A Vietnamese ASR model fine-tuned from nguyenvulebinh/wav2vec2-base-vietnamese-250h.
Forced alignment algorithm (dynamic programming)

Training details (such as hyperparameters) can be found in the train/3-train.ipynb file.

Overall pipeline

Audio and lyrics files are split pairwise (e.g., if the song has L sentences, there will be L new separate audio and lyrics files based on the provided timestamps). The actual audio data was kept as is (e.g., no augmentation or vocal removal was performed).
Construct a pairwise dataset.
Train-test split
Fine-tune an ASR model based on nguyenvulebinh/wav2vec2-base-vietnamese-250h's. We observe that after fine-tuning, the model performed worse on regular speech (non-music) data, but we hope it will do better on music data.
Feed the test audio into the ASR model
Feed the confidence matrix (output of the ASR model) and the test lyrics into the forced alignment algorithm to obtain token-wise alignment.

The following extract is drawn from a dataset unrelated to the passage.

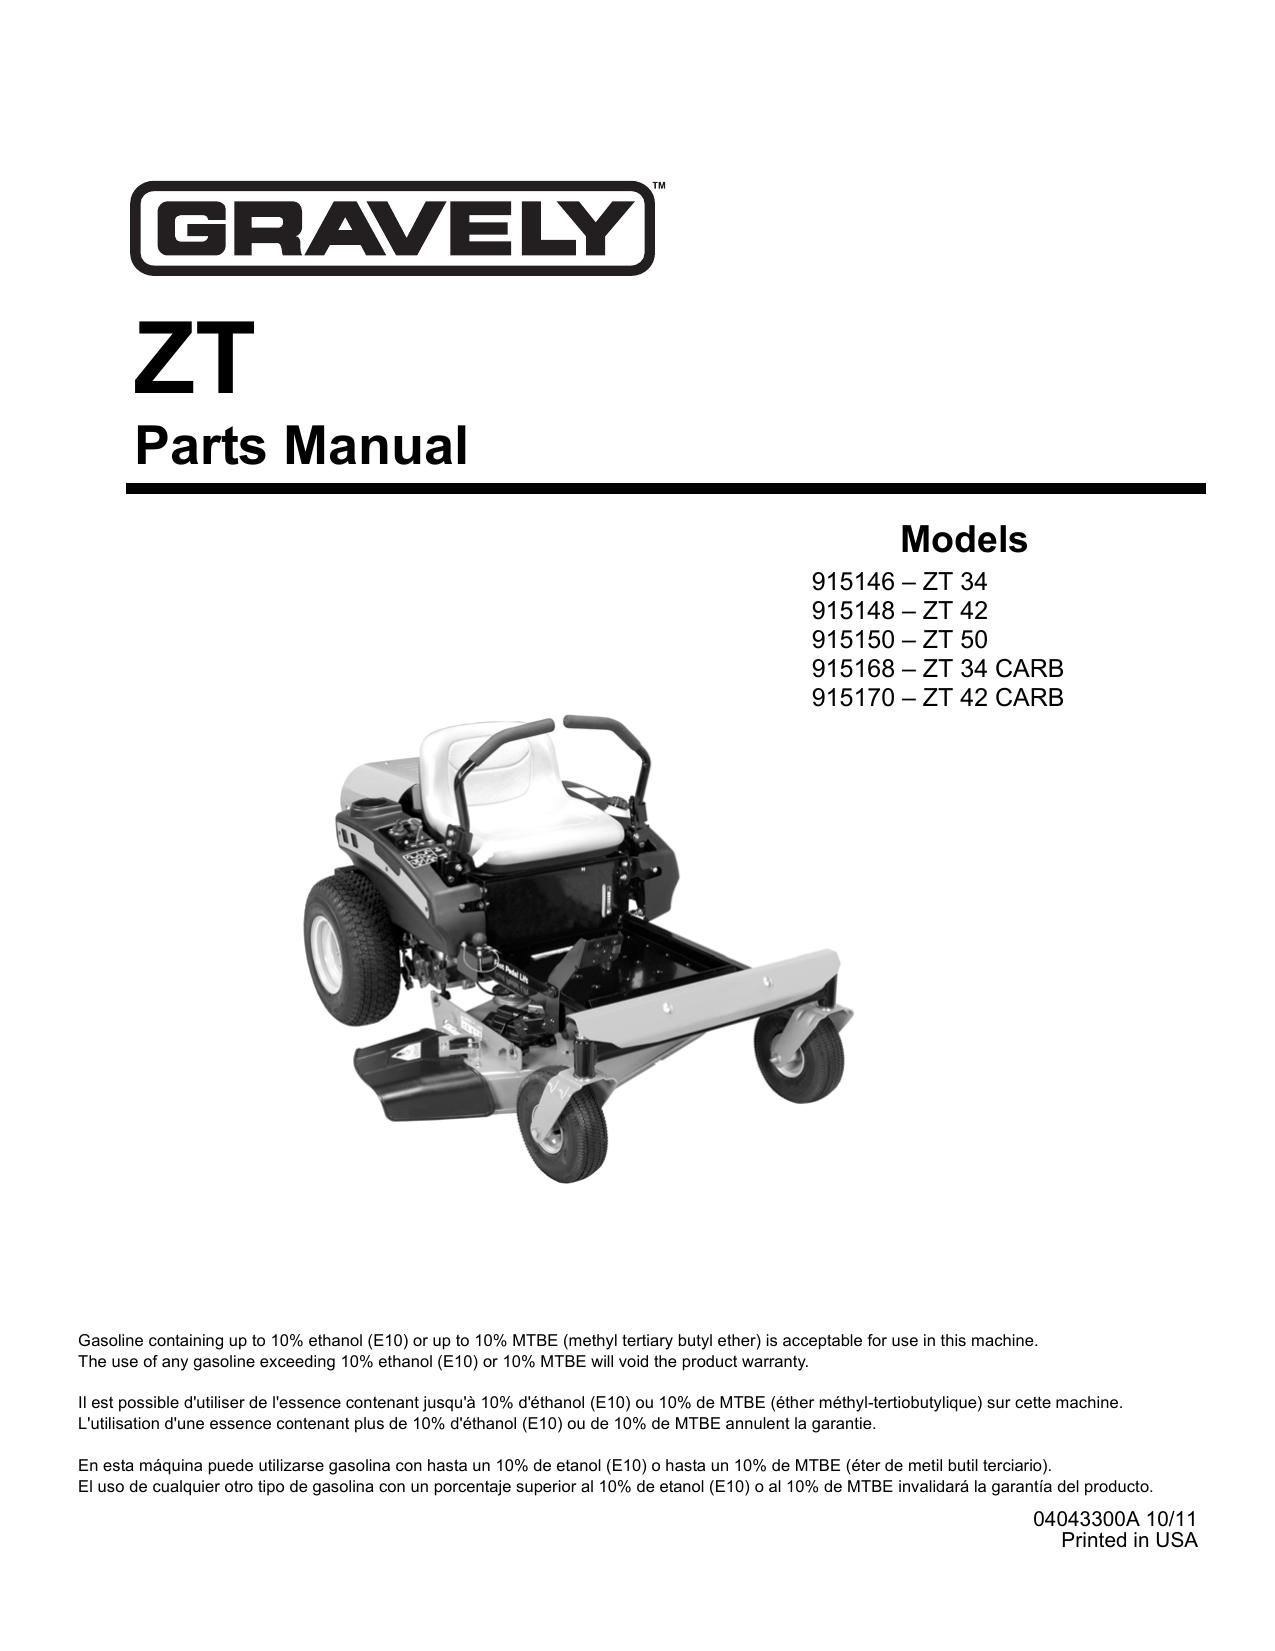 Gravely Lawn Mower 915146 ZT 34 User manual | manualzz com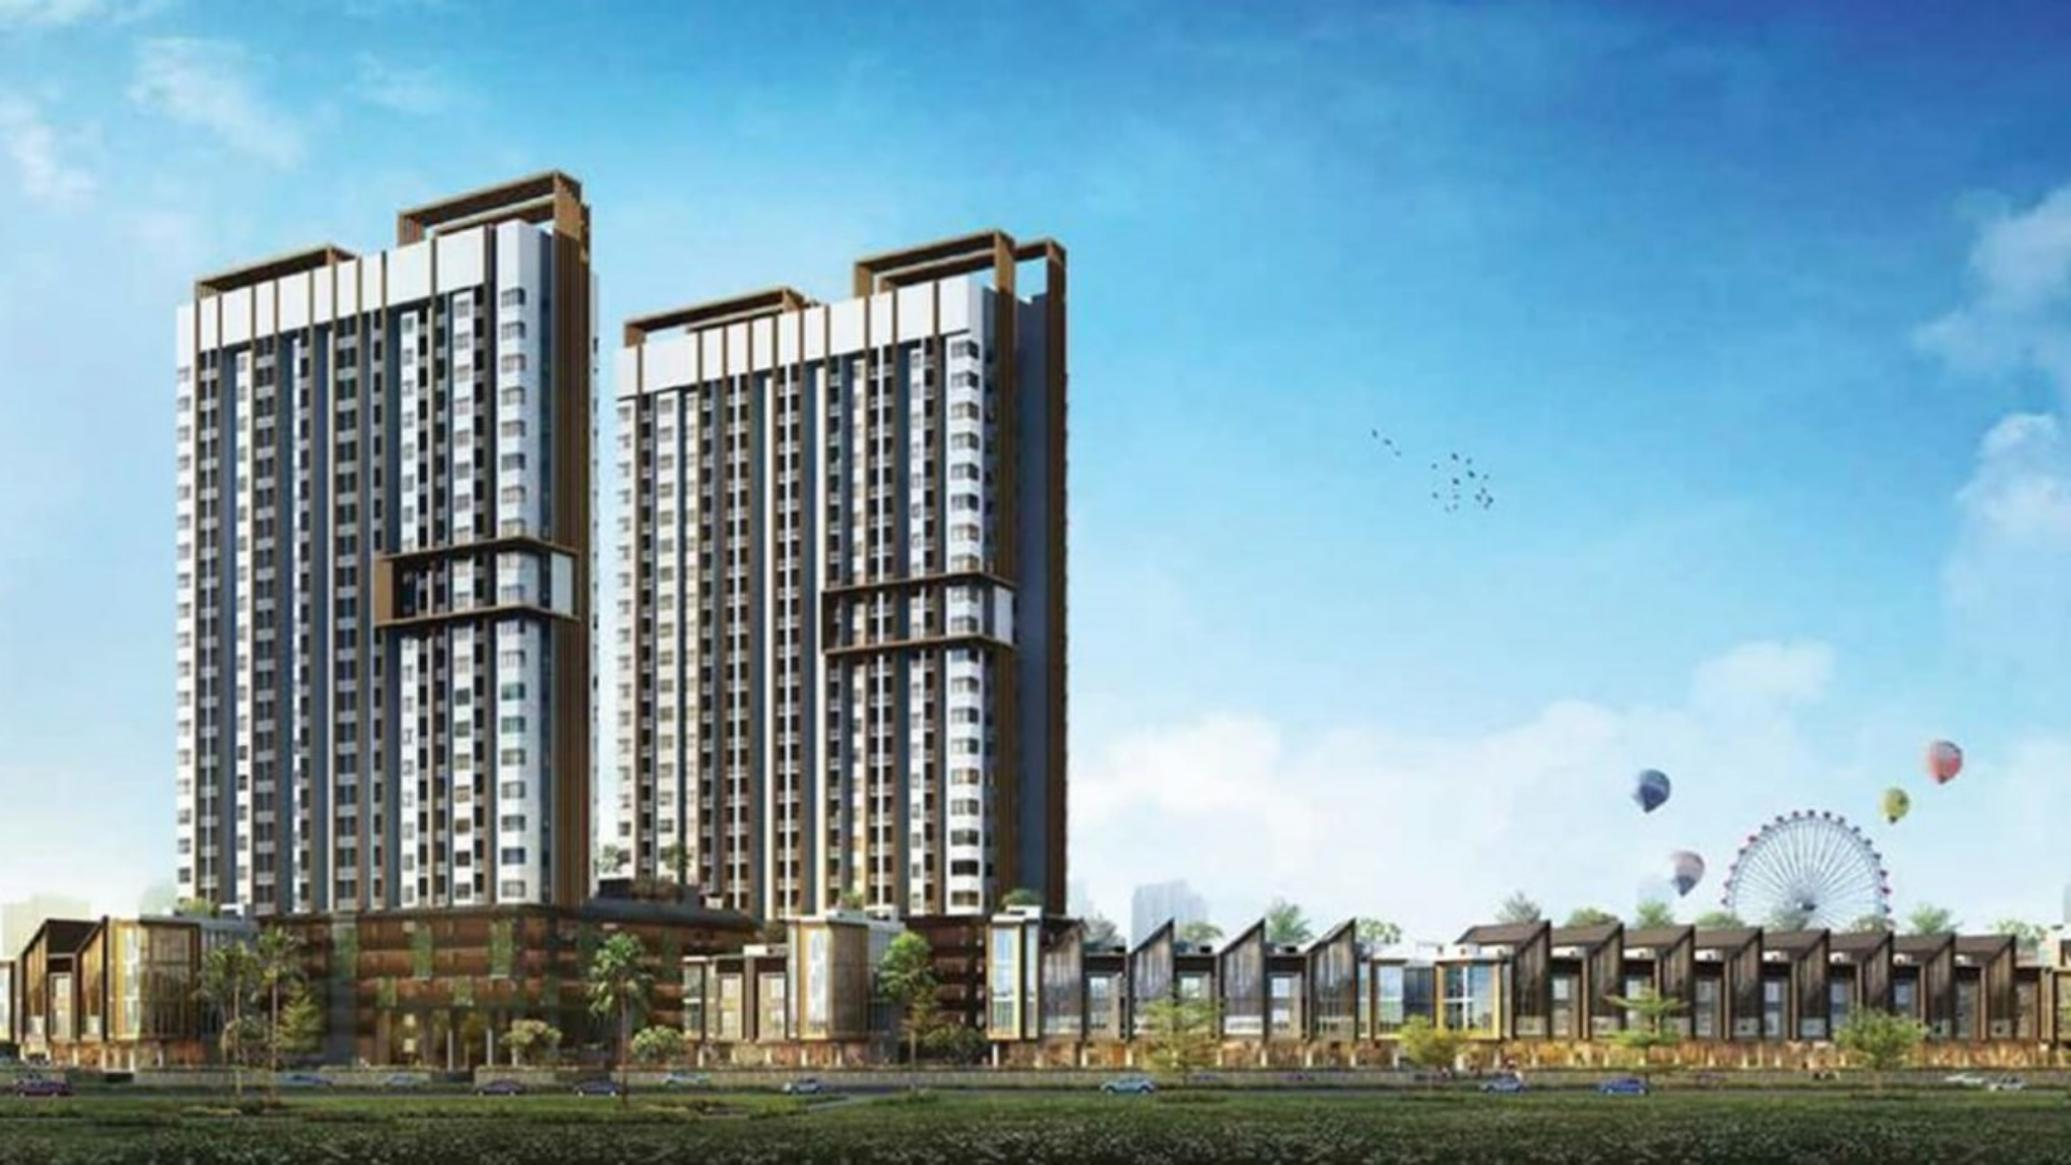 Cleon Park Apartment

More details about the inference process

The output of the ASR model is a frame-wise confidence matrix. Each column represents an audio frame, and each row is the probability that the audio sampled at this frame pronounces the corresponding sound in the alphabet. We would finally use a language model in a typical ASR model to decode the matrix into a meaningful sentence. But since the objective of this problem is to align the text to the audio (the transcript is already available), we just need the matrix without doing any decoding.

The provided lyrics in the test set have been split sentence-wise by default. But to feed them into the forced alignment algorithm, we have to concatenate and normalize the text. After feeding the confidence matrix and the normalized transcript to the forced alignment algorithm, we should get the alignment of every token in the song.

Finally, we re-split the tokens into their corresponding original sentences, recover the original casing, and adjust the alignment time to continuous.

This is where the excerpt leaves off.